** Records provided follows **
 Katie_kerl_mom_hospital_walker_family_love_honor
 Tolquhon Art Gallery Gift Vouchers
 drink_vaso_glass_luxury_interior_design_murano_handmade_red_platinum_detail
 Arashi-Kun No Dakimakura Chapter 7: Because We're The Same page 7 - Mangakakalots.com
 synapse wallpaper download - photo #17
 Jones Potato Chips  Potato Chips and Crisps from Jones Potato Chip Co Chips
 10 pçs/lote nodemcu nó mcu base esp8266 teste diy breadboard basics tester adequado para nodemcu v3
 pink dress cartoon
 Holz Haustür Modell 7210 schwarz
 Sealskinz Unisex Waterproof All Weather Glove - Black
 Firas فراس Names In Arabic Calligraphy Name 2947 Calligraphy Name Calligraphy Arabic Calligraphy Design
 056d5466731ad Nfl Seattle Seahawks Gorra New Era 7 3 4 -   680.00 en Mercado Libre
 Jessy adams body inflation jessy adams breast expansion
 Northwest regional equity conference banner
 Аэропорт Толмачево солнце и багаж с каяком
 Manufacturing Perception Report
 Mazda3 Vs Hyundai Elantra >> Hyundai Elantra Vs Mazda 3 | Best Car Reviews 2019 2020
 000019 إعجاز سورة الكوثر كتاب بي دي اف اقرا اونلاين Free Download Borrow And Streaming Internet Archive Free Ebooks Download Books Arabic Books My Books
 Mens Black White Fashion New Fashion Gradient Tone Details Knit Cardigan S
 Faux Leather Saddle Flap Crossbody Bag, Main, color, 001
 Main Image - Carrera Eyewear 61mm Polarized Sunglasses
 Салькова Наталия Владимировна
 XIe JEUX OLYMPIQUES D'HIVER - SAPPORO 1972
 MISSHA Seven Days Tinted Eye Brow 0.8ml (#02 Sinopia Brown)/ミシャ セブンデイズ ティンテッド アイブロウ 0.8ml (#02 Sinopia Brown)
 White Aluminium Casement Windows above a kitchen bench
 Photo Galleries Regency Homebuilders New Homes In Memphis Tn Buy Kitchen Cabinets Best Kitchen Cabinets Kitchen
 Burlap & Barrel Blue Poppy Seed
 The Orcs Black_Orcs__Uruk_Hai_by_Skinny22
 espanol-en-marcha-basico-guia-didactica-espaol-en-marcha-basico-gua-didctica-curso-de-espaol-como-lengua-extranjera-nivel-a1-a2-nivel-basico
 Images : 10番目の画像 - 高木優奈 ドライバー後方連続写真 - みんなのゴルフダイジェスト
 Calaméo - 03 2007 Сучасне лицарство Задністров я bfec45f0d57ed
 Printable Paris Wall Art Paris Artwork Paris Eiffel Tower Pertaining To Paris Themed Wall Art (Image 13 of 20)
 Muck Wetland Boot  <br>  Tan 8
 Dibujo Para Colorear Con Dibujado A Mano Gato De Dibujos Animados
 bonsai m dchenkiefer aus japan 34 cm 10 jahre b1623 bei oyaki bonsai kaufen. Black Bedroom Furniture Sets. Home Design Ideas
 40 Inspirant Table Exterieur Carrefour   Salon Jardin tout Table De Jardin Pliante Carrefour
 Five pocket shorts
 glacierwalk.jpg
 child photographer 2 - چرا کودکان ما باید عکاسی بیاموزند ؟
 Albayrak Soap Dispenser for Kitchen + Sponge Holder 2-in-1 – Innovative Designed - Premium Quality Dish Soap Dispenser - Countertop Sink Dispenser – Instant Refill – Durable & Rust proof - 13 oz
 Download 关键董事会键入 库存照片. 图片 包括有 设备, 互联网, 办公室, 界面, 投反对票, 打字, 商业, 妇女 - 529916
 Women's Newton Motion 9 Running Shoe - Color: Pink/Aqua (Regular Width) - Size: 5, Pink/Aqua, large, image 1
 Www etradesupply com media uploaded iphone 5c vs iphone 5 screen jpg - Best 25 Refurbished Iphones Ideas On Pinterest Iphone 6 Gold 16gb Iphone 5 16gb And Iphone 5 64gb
** End of Records provided **
--- Work instructions ---
Above are the lines; repeat exactly the ones from the line containing "MISSHA Seven Days" down to the line containing "White Aluminium Casement", both inclusive.

--- Expected output ---
 MISSHA Seven Days Tinted Eye Brow 0.8ml (#02 Sinopia Brown)/ミシャ セブンデイズ ティンテッド アイブロウ 0.8ml (#02 Sinopia Brown)
 White Aluminium Casement Windows above a kitchen bench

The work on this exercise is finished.